BACKGROUND: Hadoop wins over enterprises, spawns talent crunch
Several training courses and certification programs are available for IT professionals interested in Hadoop development and administration. Big-picture courses about Hadoop and the broader area of “big data” are also available for IT executives such as CIOs and CTOs.
Companies offering Hadoop training include Cloudera, Hortonworks, IBM, MapR and Informatica.
Cloudera has been offering Hadoop training for three years as a complement to its enterprise-class Hadoop software. The Palo Alto, Calif.-based company offers six Hadoop-related courses aimed at four different audiences: programmers, data base analysts, system administrators and IT managers.
“Companies are struggling to hire Hadoop talent,” says Sarah Sproehnle, director of educational services at Cloudera. “We’ve been doing Hadoop for awhile. We’ve put all of the best practices into our training so we can get people really quickly up to speed.”
Cloudera’s Hadoop courses are four days long, feature instructor-led training and lab work, and cost around $2,000. Cloudera provides a certification to IT professionals who complete the course.
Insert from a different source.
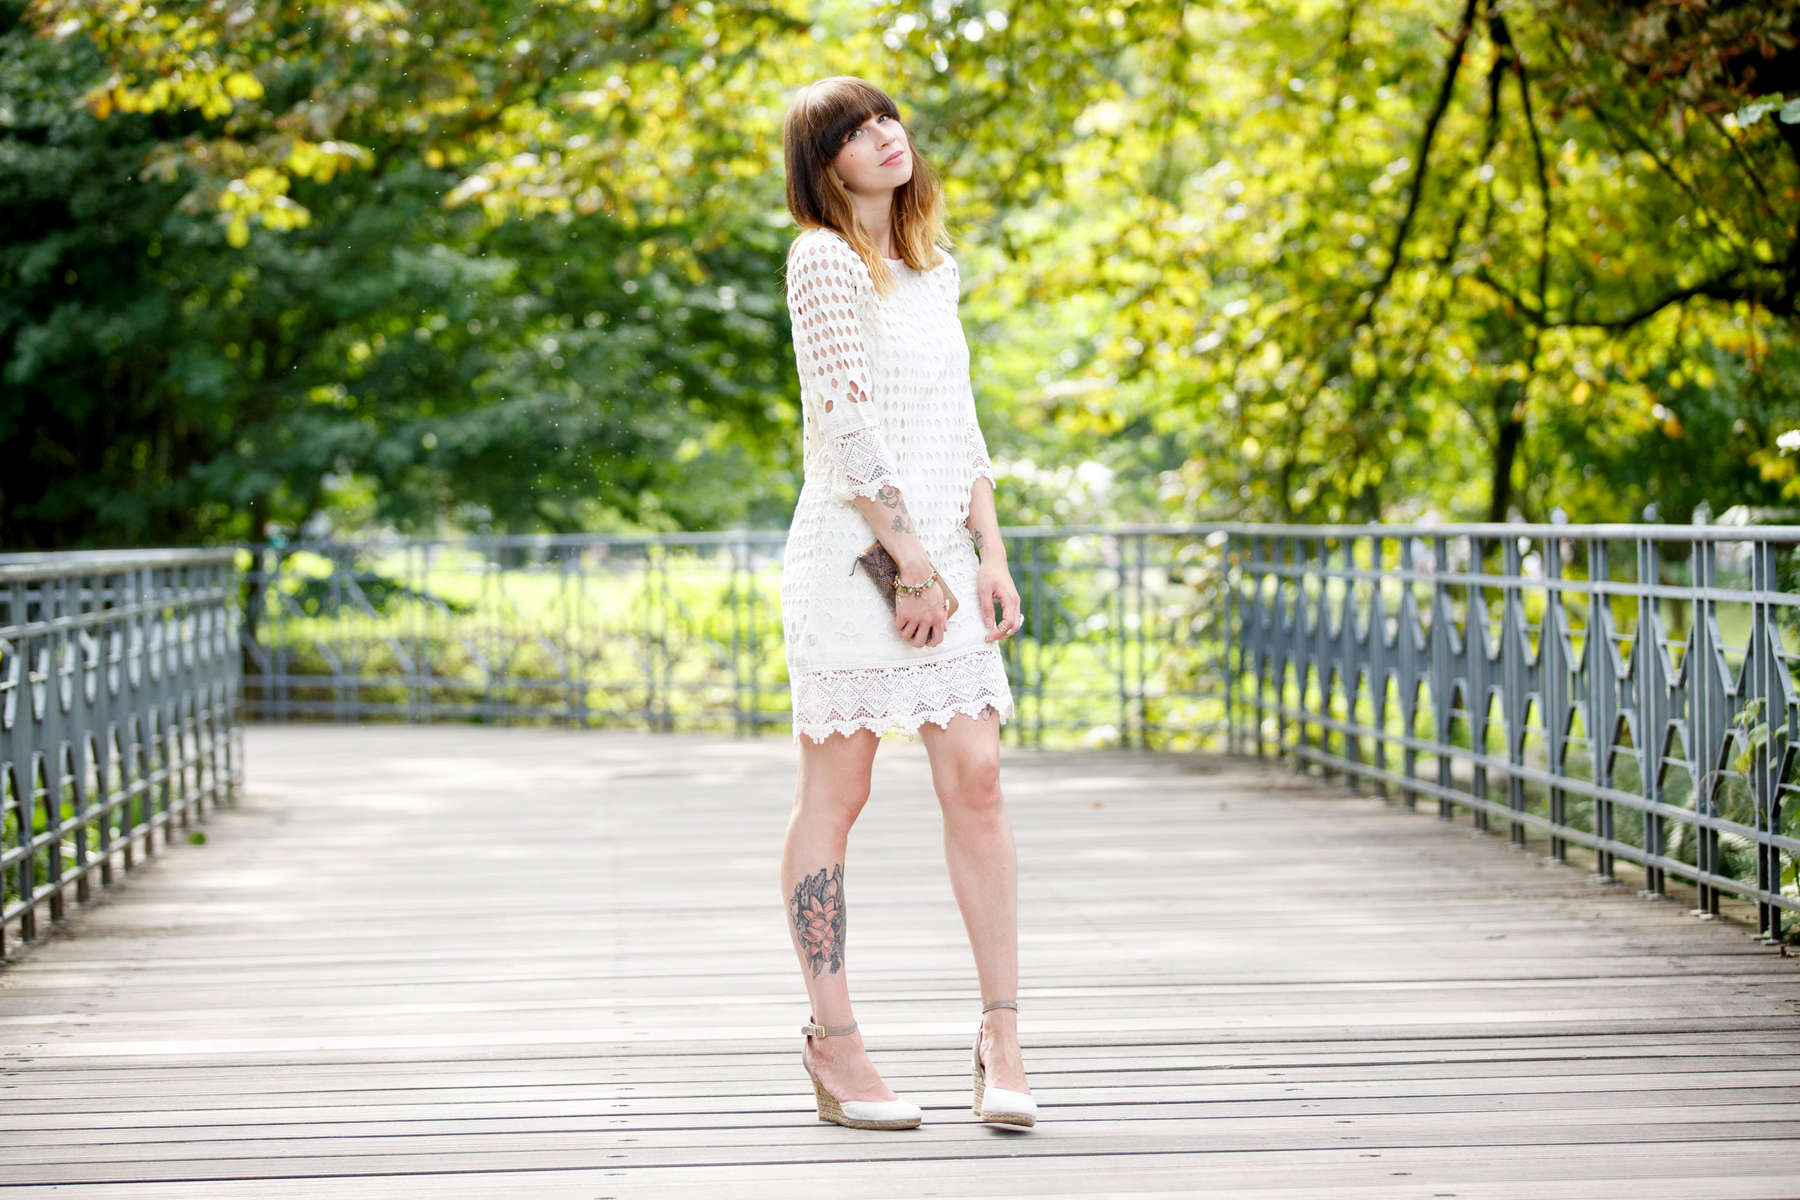 dress-for-less outfit styling white sommerkleid summer look crochet wrangler hilfiger fashion blog germany düsseldorf ricarda schernus cats & dogs 6

“Our certification is quite popular,” Sproehnle says. “Some of the industries that are adopting Hadoop … want assurances that the people who are going to manage their petabytes of data are reliable. But if they’ve taken our courses and passed our certification, that’s proof. We’ve seen people bragging about our certifications in online posts, and we’ve seen job postings looking for our certifications.”
Demand for Cloudera’s Hadoop classes has risen dramatically in the last few months, with the number of people being trained in the first quarter of 2012 expected to be four times greater than during the first quarter of 2011.
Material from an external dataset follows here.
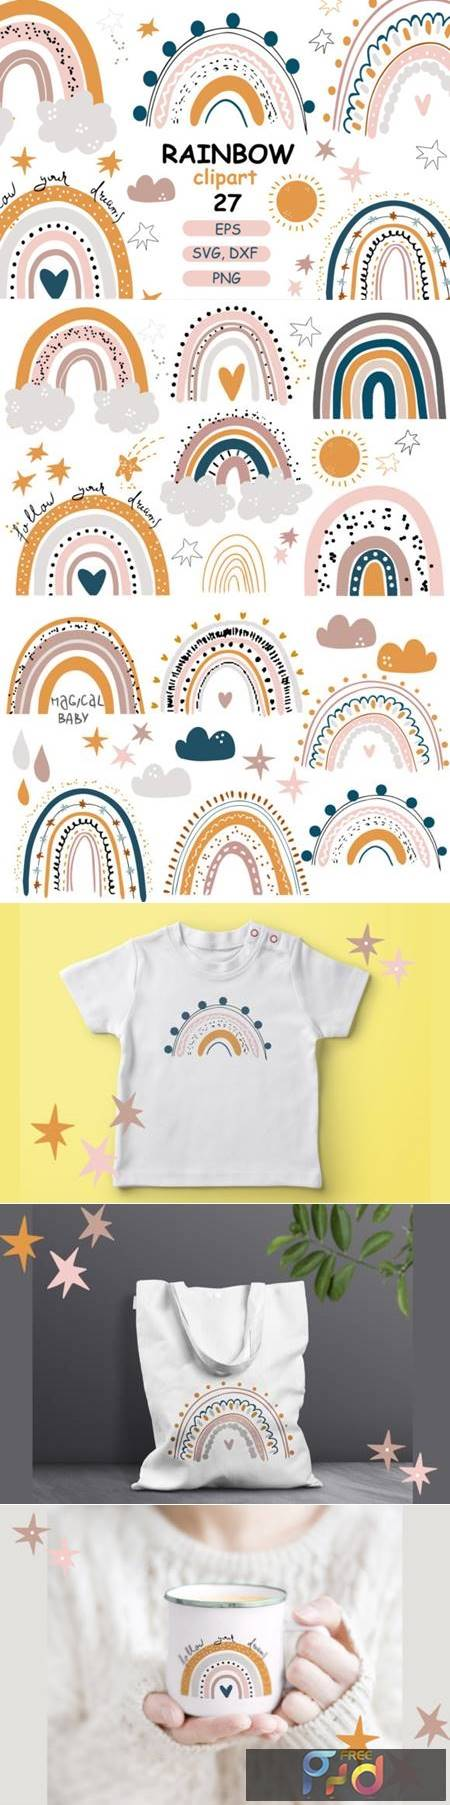 Rainbow Baby Pastel Clipart 4328330 1

In fact, Cloudera’s training courses were sold out at the third annual Hadoop World Conference in New York City last November. Nearly 2,000 people attended the conference.
“Over 10,000 people have come through our Hadoop curriculum in three years. But by the end of 2012, we will train another 10,000 people,” Sproehnle says. “People are coming out of the woodwork to take our courses.”
Charles Zedlewski, vice president of product at Cloudera, adds that the type of IT professionals taking Cloudera’s Hadoop courses has changed.
“In 2011, we saw our audience flip. We went from 70% of our customers being Web companies and 30% being enterprise to 75% being traditional enterprise and 25% being Web companies,” he explains. “Hadoop has become a very big thing for industry.”
Meanwhile, Hortonworks launched its Hadoop training program called Hortonworks University in February. The Sunnyvale, Calif., Hadoop software vendor has provided custom training to a few hundred developers over the last six months. Now Hortonworks University will offer standard courses and certifications to IT professionals.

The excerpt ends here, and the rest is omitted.